Nine years and two months after first beginning plans for a third mobile network, 2degrees has launched a pre-pay only option.
Fronting for the company just one week into the job, chief executive Eric Hertz said the 75 per cent of mobile users on prepay are treated like second-class citizens, with the worst pricing and services.
"So that's where the opportunity is, to bring better value," said Hertz.
The company said it would be upgrading to 3G "in the coming months". Data services for laptops would also be launched over time.
Hertz would not say how much of the market it expects to grab from Vodafone or Telecom.
"This is a new business; we're looking for very rapid growth. The only way we're going to get that is if we get the price right and we're offering the right kind of service."
ABN Amro Craigs analyst Geoff Zame expected Telecom and Vodafone to sit back and cede some lower value prepay customers in the short term but were likely to react if market share hit 3 to 5 per cent.
"If it starts to get some legs then clearly they're going to have to match on price."
With the majority of Telecom's prepay base on the old CDMA network, Zame expects it will be Vodafone which is first to notice a shift of customers to 2degrees because it is easy to simply switch Sim cards.
IDC analyst Rosalie Nelson said there was potential for customers to start using more than one Sim, meaning they would capture a smaller portion of that prepay spending, a lot of which would be calls to other networks, incurring termination fees.
"I think where they're going to have the biggest challenge is a lot of the users have actually structured their communities, and they've structured their patterns of usage around the text bundles or the voice bundles."
She said 2degrees was unlikely to make inroads into the teen market, which uses bundled text deals and Skype calling to keep in touch. But she said the deals would be attractive to a tradesman-type business which needed to make calls to a number of networks and which could grab a valuable "name" number in the 022 range available to 2degrees customers.

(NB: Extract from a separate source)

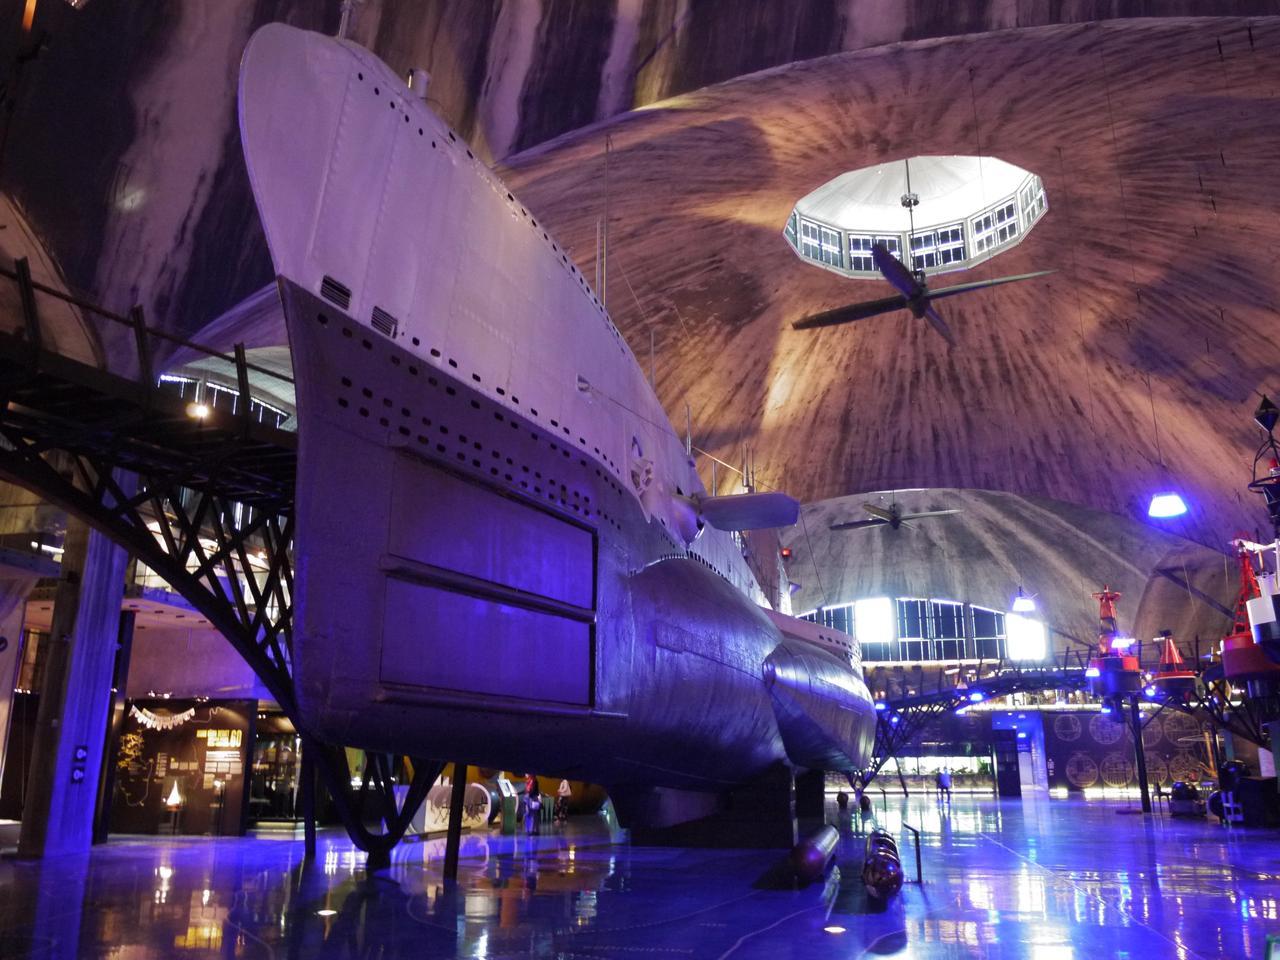 Lembit submarine, built for the Estonian Navy in 1937, now exposed in Estonian Maritime museum in Tallinn
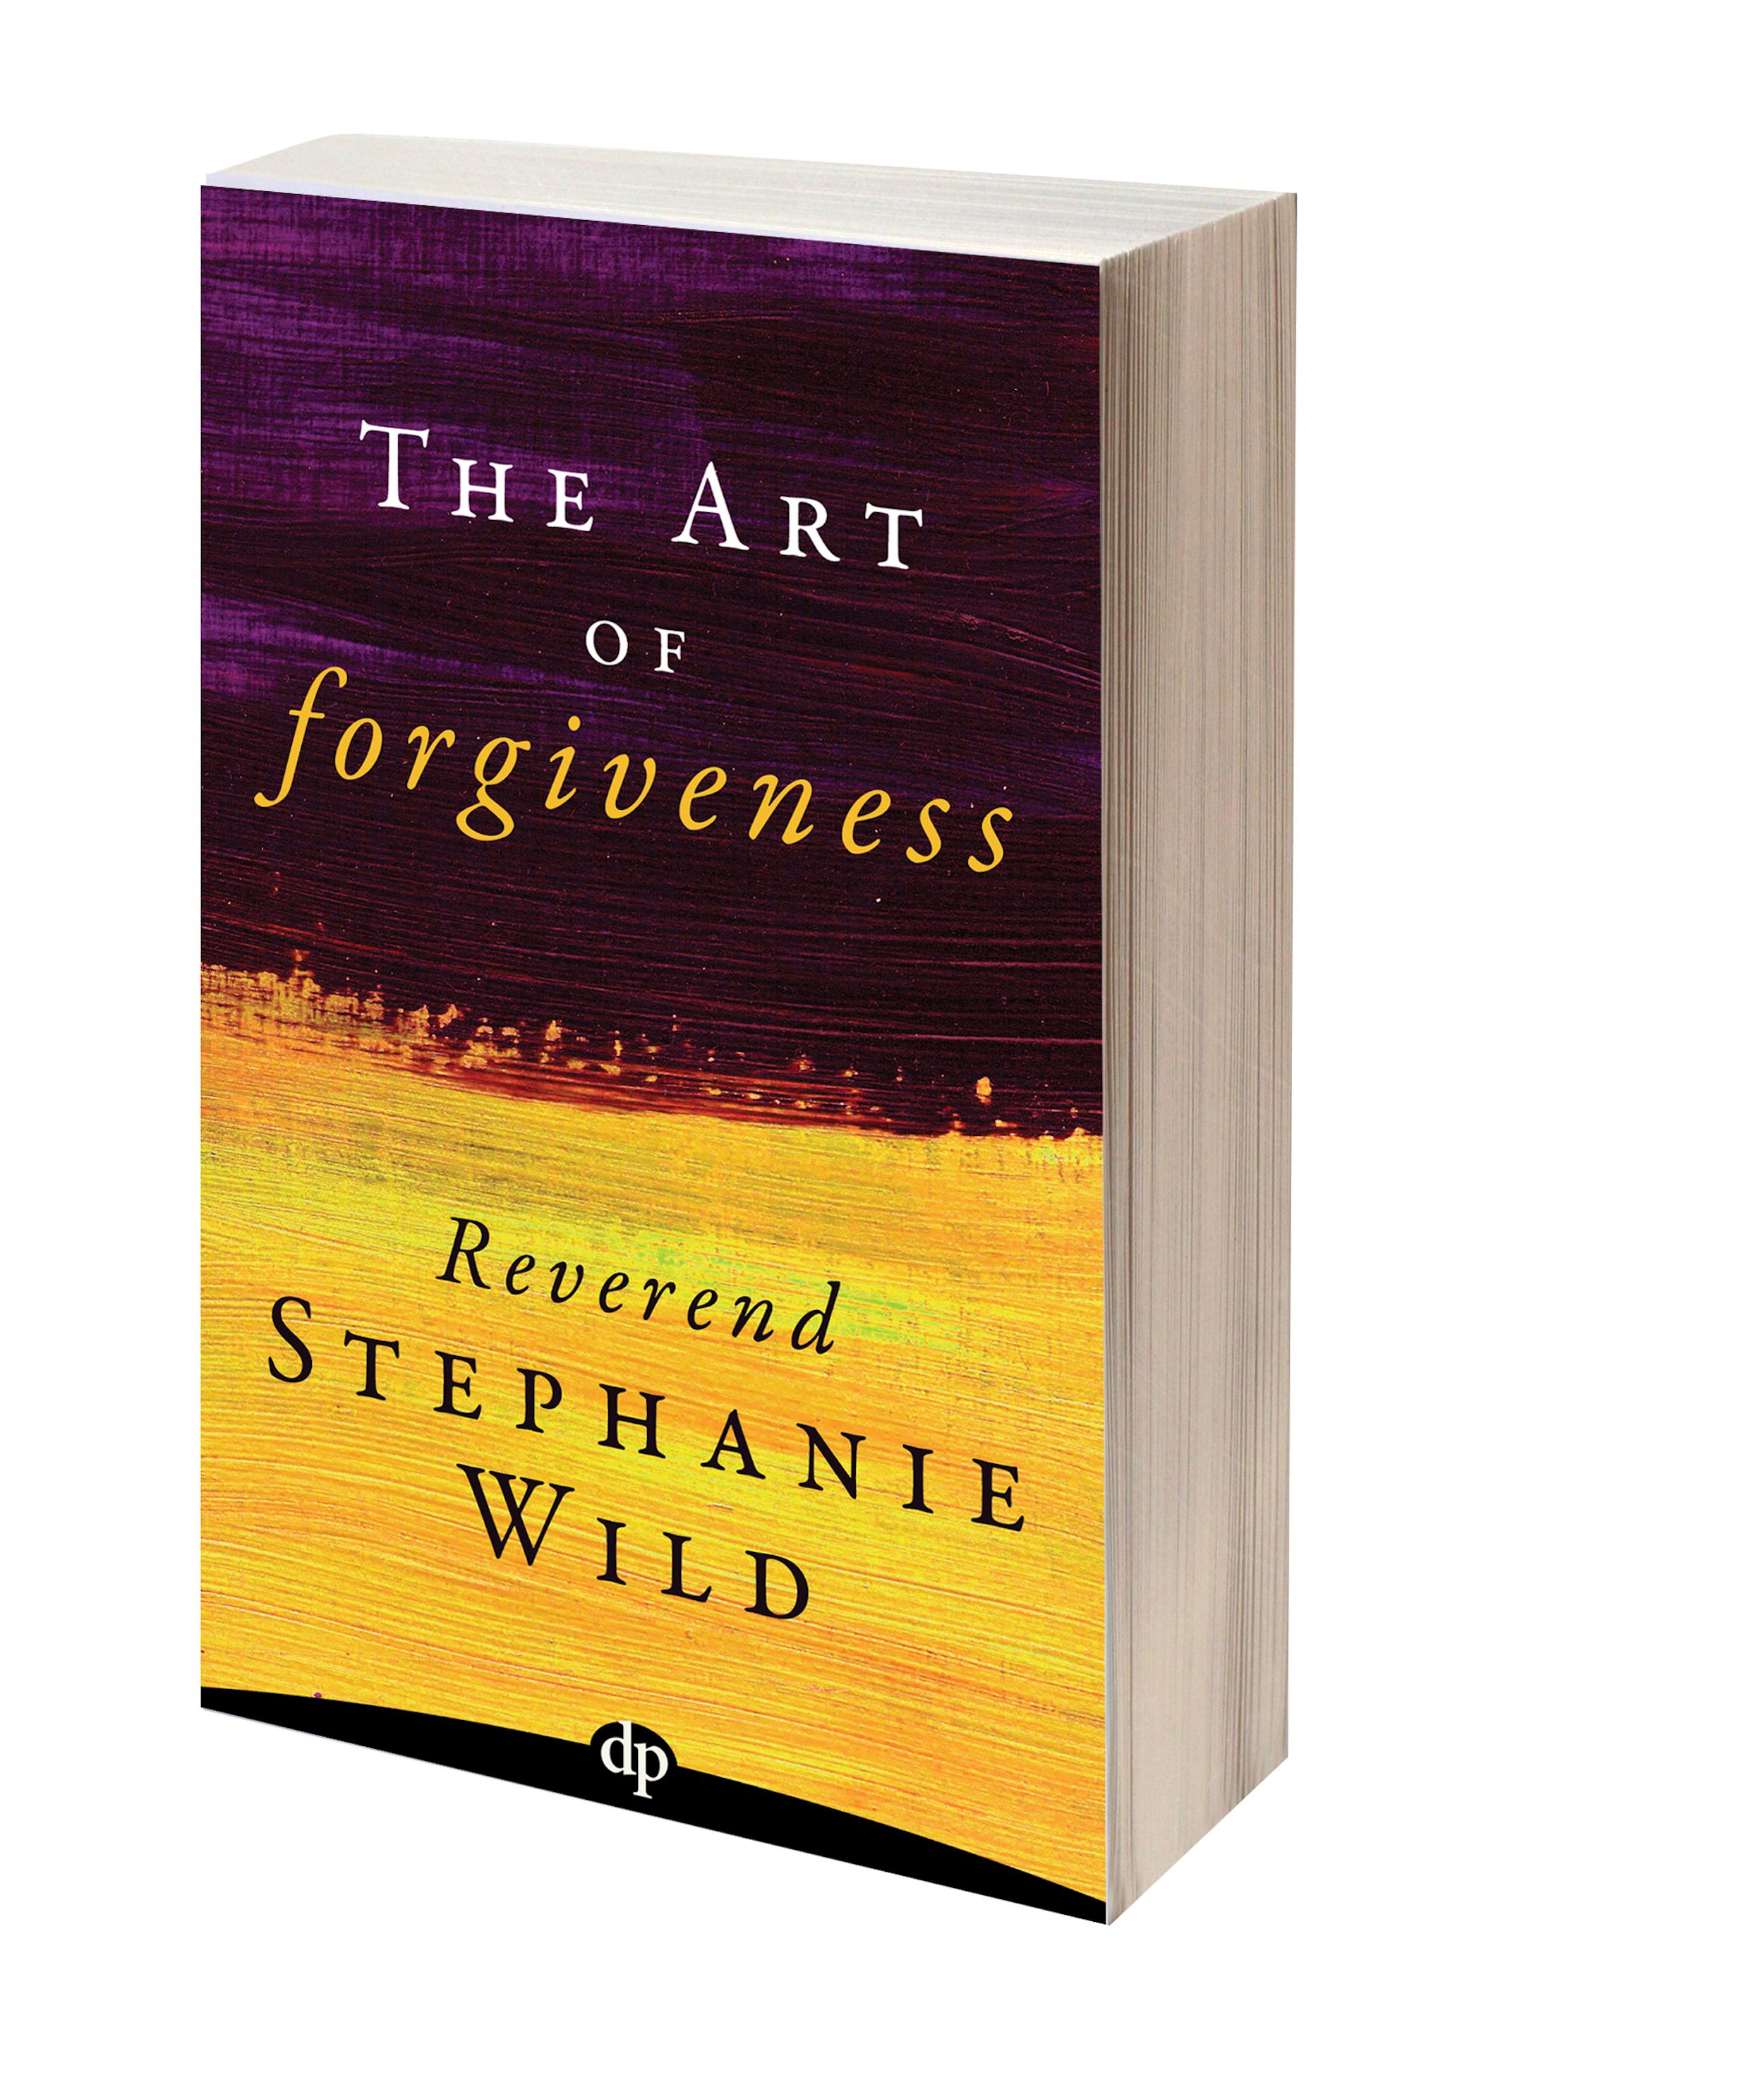 Wild_TheArtofForgiveness_3DBook.jpg

Zame said an inbound roaming deal with Australian mobile player Optus would help boost revenue for 2degrees.
Optus holds a third of the Australian market, and with Australian visitors accounting for 70 to 80 per cent of a market valued at between $100 million and $200 million, it could prove to be a valuable revenue stream, Zame said.
2degrees is set to send out 50,000 Sims loaded with $5 in credit as part of its "chinwag" promotion, and Hertz said he expected to see a positive reaction from the market.
"This is really just the start for us. This isn't our whole business plan, it's just the beginning," he said.
The network currently covers Auckland, Wellington, Christchurch and Queenstown - approximately 50 per cent of the population, according to Hertz.
Outside of its coverage areas, customers would "roam" automatically on to Vodafone's network.